Following an Opinion of the Attorney General (see update to ¶4860), which found against the Commission, the European Court of Justice has agreed with the Attorney General’s Opinion and has held that the Health and Safety at Work Act, with its emphasis on the balancing of interests, is compatible with European law. In particular, the ECJ found that the Health and Safety Directive does not introduce no fault liability.  Accordingly, there shall be no need to amend the UK legislation.

Commission of the European Communities v United Kingdom [2007] ECJ Case C-127/05

2. Status of Codes of Practice

¶4800 Employers are required to comply with certain statutory obligations, as set out in the Health and Safety at Work etc Act 1974, various Regulations and Codes of Practice.  In a case concerning the practice of the courts in implementing the Codes of Practice, the Court of Appeal considered an employee injured in a fall at work. Her employer was a care home. The workplace had slippery vinyl floors and several of the residents were prone to incontinence. The relevant legislative protection placed an absolute duty on employers to ensure that the floors of workplaces are properly constructed.

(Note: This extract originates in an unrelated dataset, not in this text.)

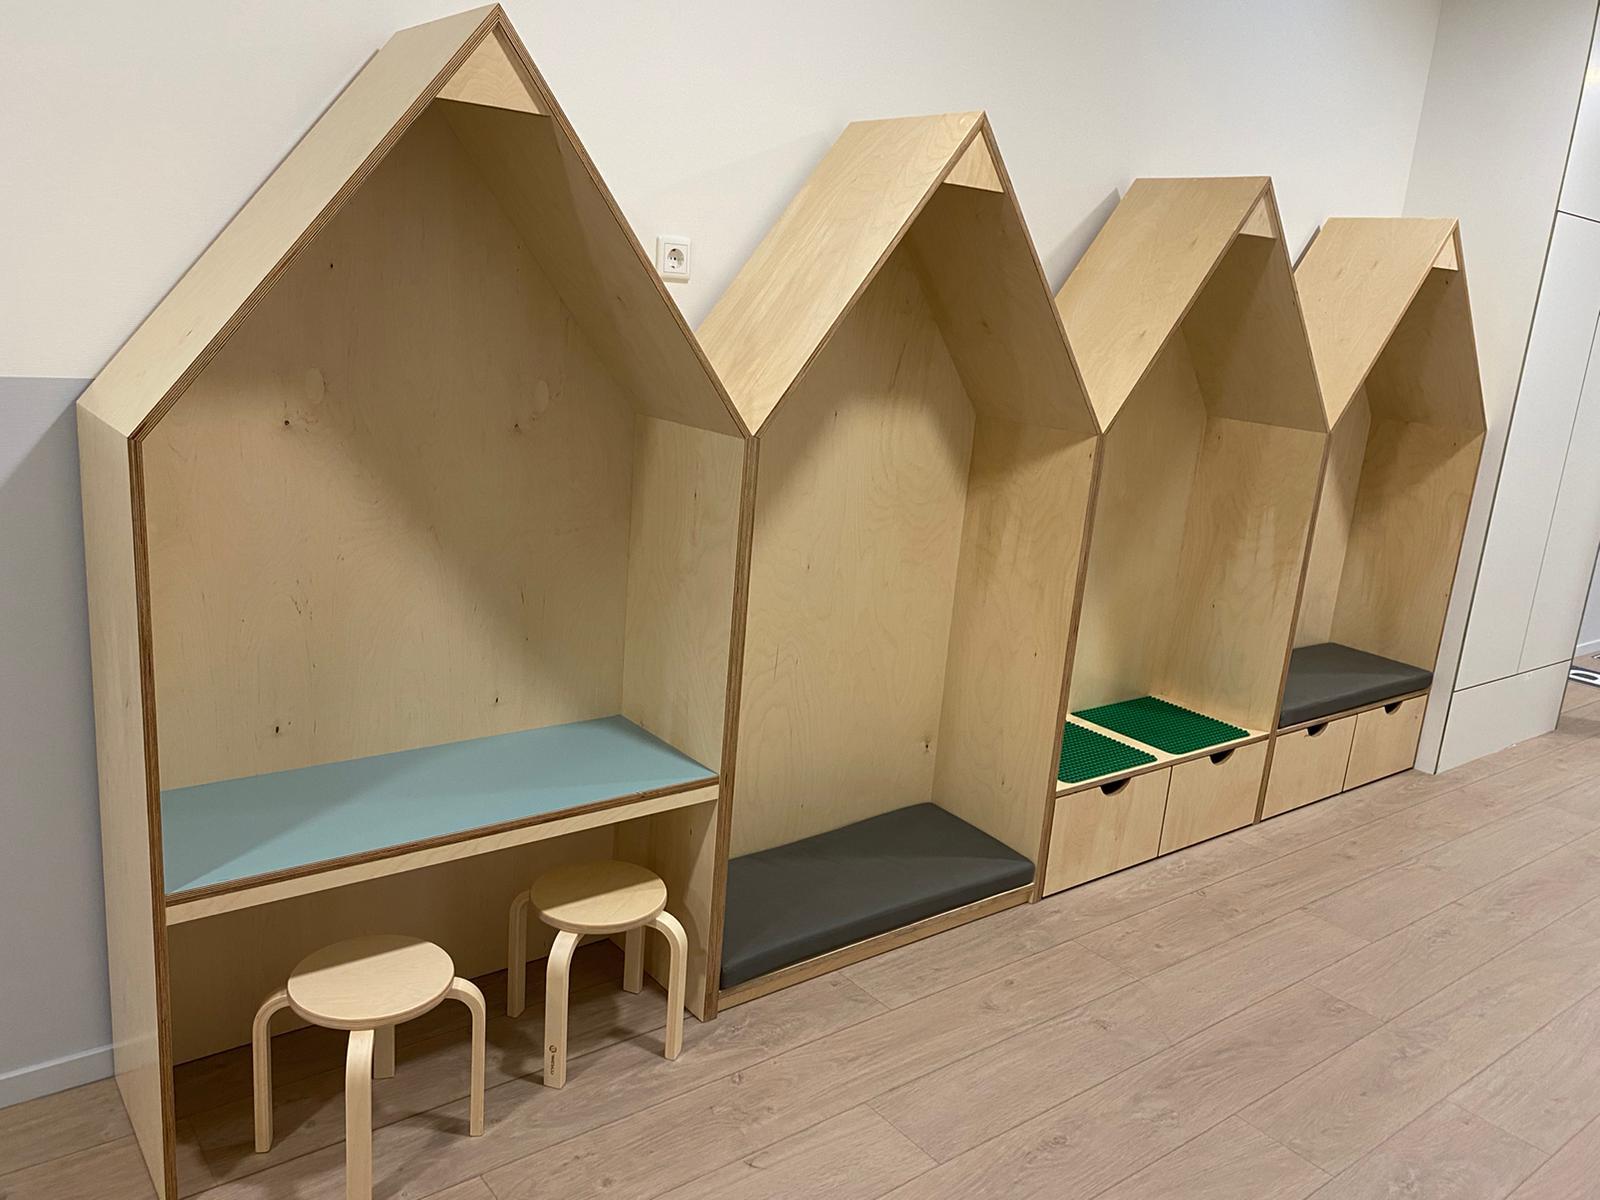 Interieur kinderdagverblijf Klimop

Different, lesser, duties exist to remove from a floor a temporary hazard.

Before the High Court, the employee attempted to bring the evidence of Codes of Practice published by the Health and Safety Commission, which, she argued, clarified the extent of the duty. The Court refused. The Court of Appeal held that the High Court had been wrong to refuse this evidence. A Code of Practice which was designed to give practical guidance to employers as to how to comply with their duties under statutory regulations could be taken as providing some assistance as to interpretation. Such guidance always had to be treated with caution. It might be wrong. It did not carry the authority of a judicial decision. But if relevant, as it was here, it should be considered.